Now that we have a set of training features and corresponding training labels, we can fit a multiclass classification algorithm to the data to create a model. Most scikit-learn classification algorithms inherently supports multiclass classification. In this example, we'll use another common algorithm called *Random Forest*, which is an example of an *ensemble* algorithm that combines the results of multiple base algorithms:

In [None]:
from sklearn.ensemble import RandomForestClassifier


# train a random forest model on the training set
multi_model = RandomForestClassifier(n_estimators=100).fit(x_train, y_train)
print (multi_model)

### Evaluate the Multiclass Classifier
Let's start by predicting the labels for the test features, and comparing the predicted labels to the actual labels:

In [None]:
iris_predictions = multi_model.predict(x_test)
print('Predicted labels: ', iris_predictions[:15])
print('Actual labels   : ' ,y_test[:15])

Looks pretty good. What's the overall *accuracy* of the model when used with the test dataset?

In [None]:
from sklearn import metrics
from sklearn.metrics import accuracy_score

print('Accuracy: ', accuracy_score(y_test, iris_predictions))

OK, how about some other metrics? We can calculate the *precision*, *recall*, and *f1-score* for each class:

In [None]:
from sklearn. metrics import classification_report

print(classification_report(y_test, iris_predictions))

Now let's look at the confusion matrix for our model:

In [None]:
from sklearn.metrics import confusion_matrix

# Print the confusion matrix
mcm = confusion_matrix(y_test, iris_predictions)
print(mcm)

Note that the confusion matrix shows the intersection of predicted and actual label values for each class - in simple terms, the diagonal intersections from top-left to bottom-right indicate the number of correct predictions.

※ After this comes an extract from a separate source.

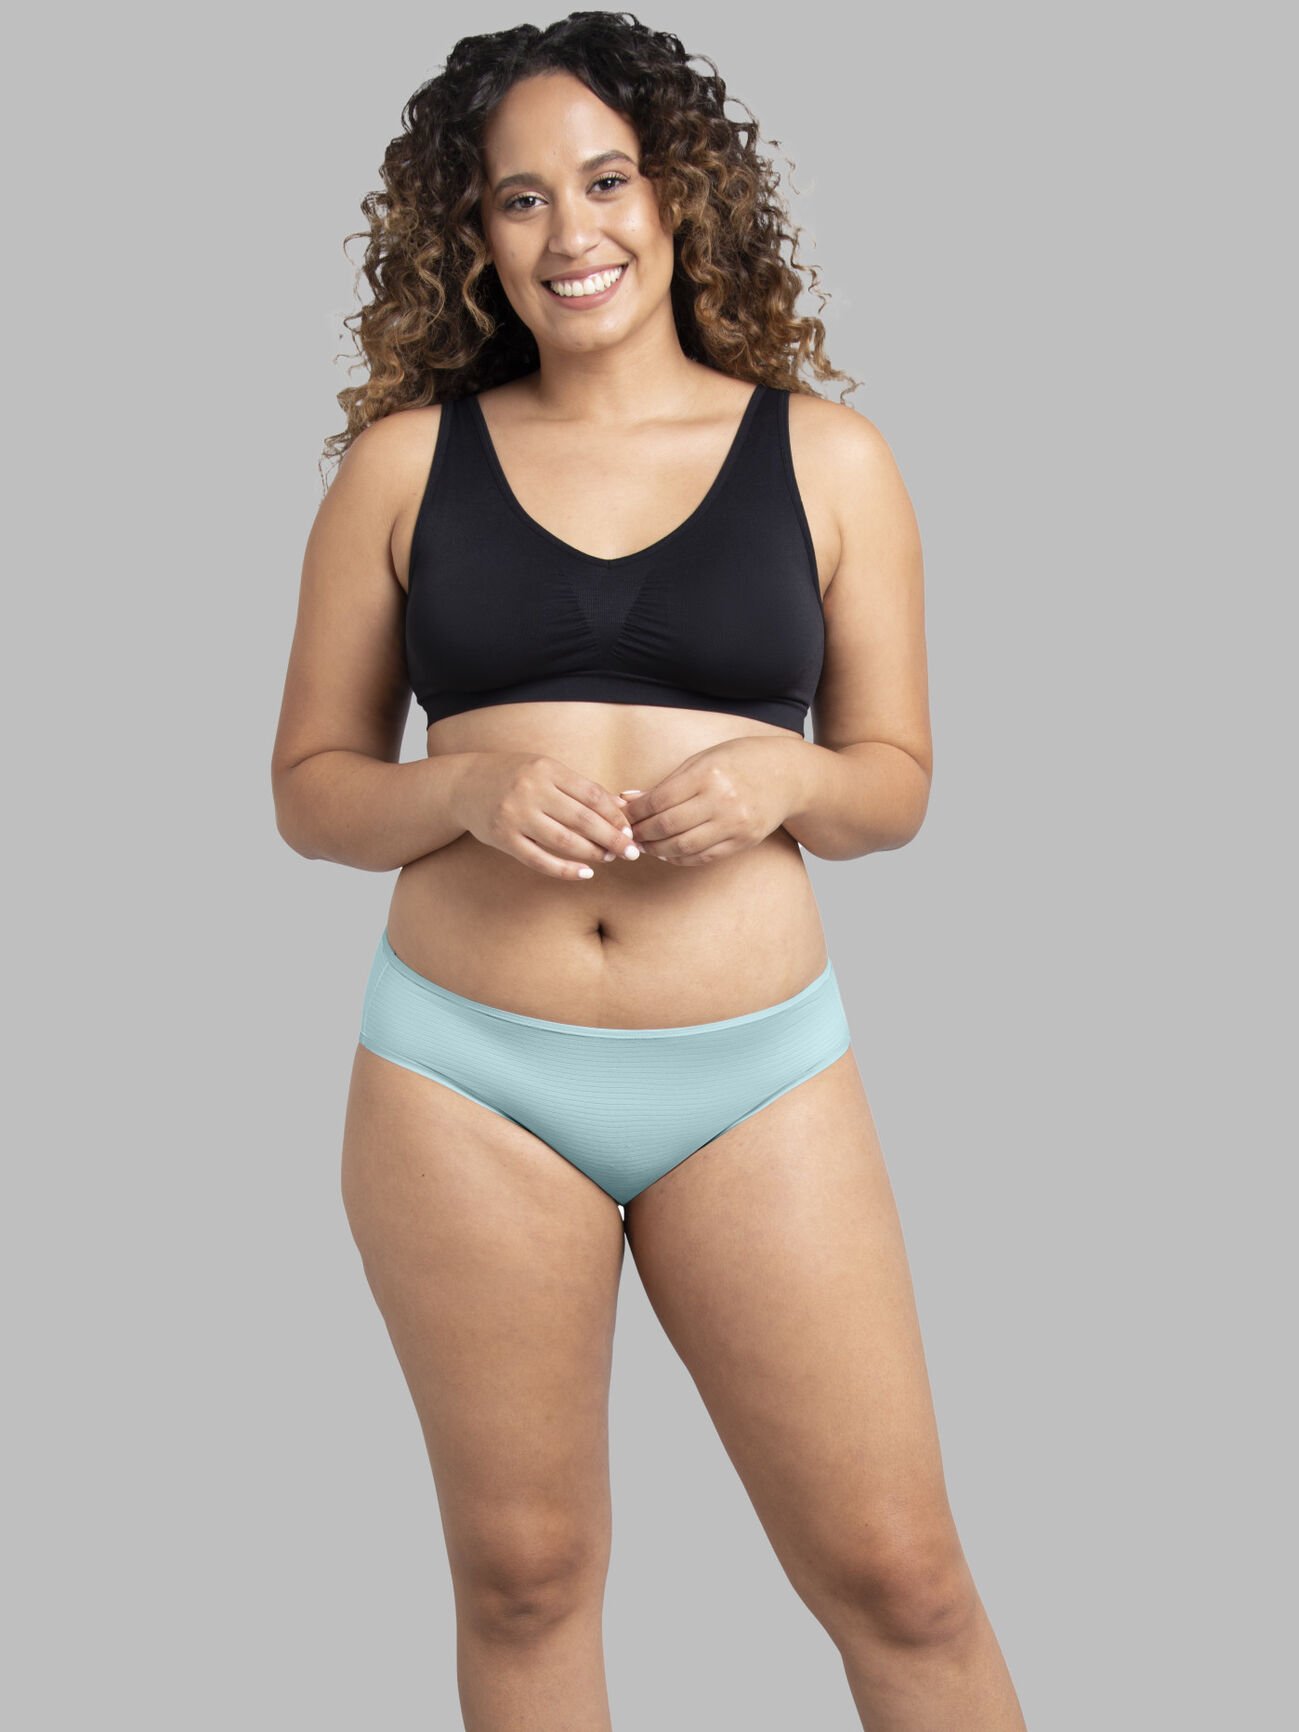 Women's Fruit of the Loom® Signature 3-pack Breathable Seamless

It's generally more intuitive to visualize this as a heat map, like this:

In [None]:
import matplotlib.pyplot as plt
%matplotlib inline

plt.imshow(mcm, interpolation="nearest", cmap=plt.cm.Blues)
plt.colorbar()
tick_marks = np.arange(len(iris.target_names))
plt.xticks(tick_marks, iris.target_names, rotation=45)
plt.yticks(tick_marks, iris.target_names)
plt.xlabel("Predicted Species")
plt.ylabel("True Species")
plt.show()

### Use the model with new data observations
As before, let's save our trained model so we can use it again later.

In [None]:
import joblib

# Save the model as a pickle file
filename = './models/iris_model.pkl'
joblib.dump(multi_model, filename)

OK, so now we have a trained model. Let's use it to predict the class of a new iris observation:

In [None]:
# Load the model from the file
multi_model = joblib.load(filename)

# The model accepts an array of feature arrays (so you can predict the classes of multiple iris observations in a single call)
# We'll create an array with a single array of features, representing one iris
x_new = [[6.6,3.2,5.8,2.4]]
print ('New sample: {}'.format(x_new[0]))

# The model returns an array of predictions - one for each set of features submitted
# In our case, we only submitted one iris, so our prediction is the first one in the resulting array.
iris_pred = multi_model.predict(x_new)[0]
print('Predicted class is', iris.target_names[iris_pred])

You can also submit a batch of iris observations to the model, and get back a prediction for each one.

In [None]:
# This time our input is an array of two feature arrays
x_new = [[6.6,3.2,5.8,2.4],
         [5.6, 2.5, 3.9, 1.1]]
print ('New sample: {}'.format(x_new))

# Call the web service, passing the input data
predictions = multi_model.predict(x_new)

# Get the predicted classes.
for prediction in predictions:
    print(prediction, '(' + iris.target_names[prediction] +')')

In this notebook, you created a binary classification model and a multiclass classification model.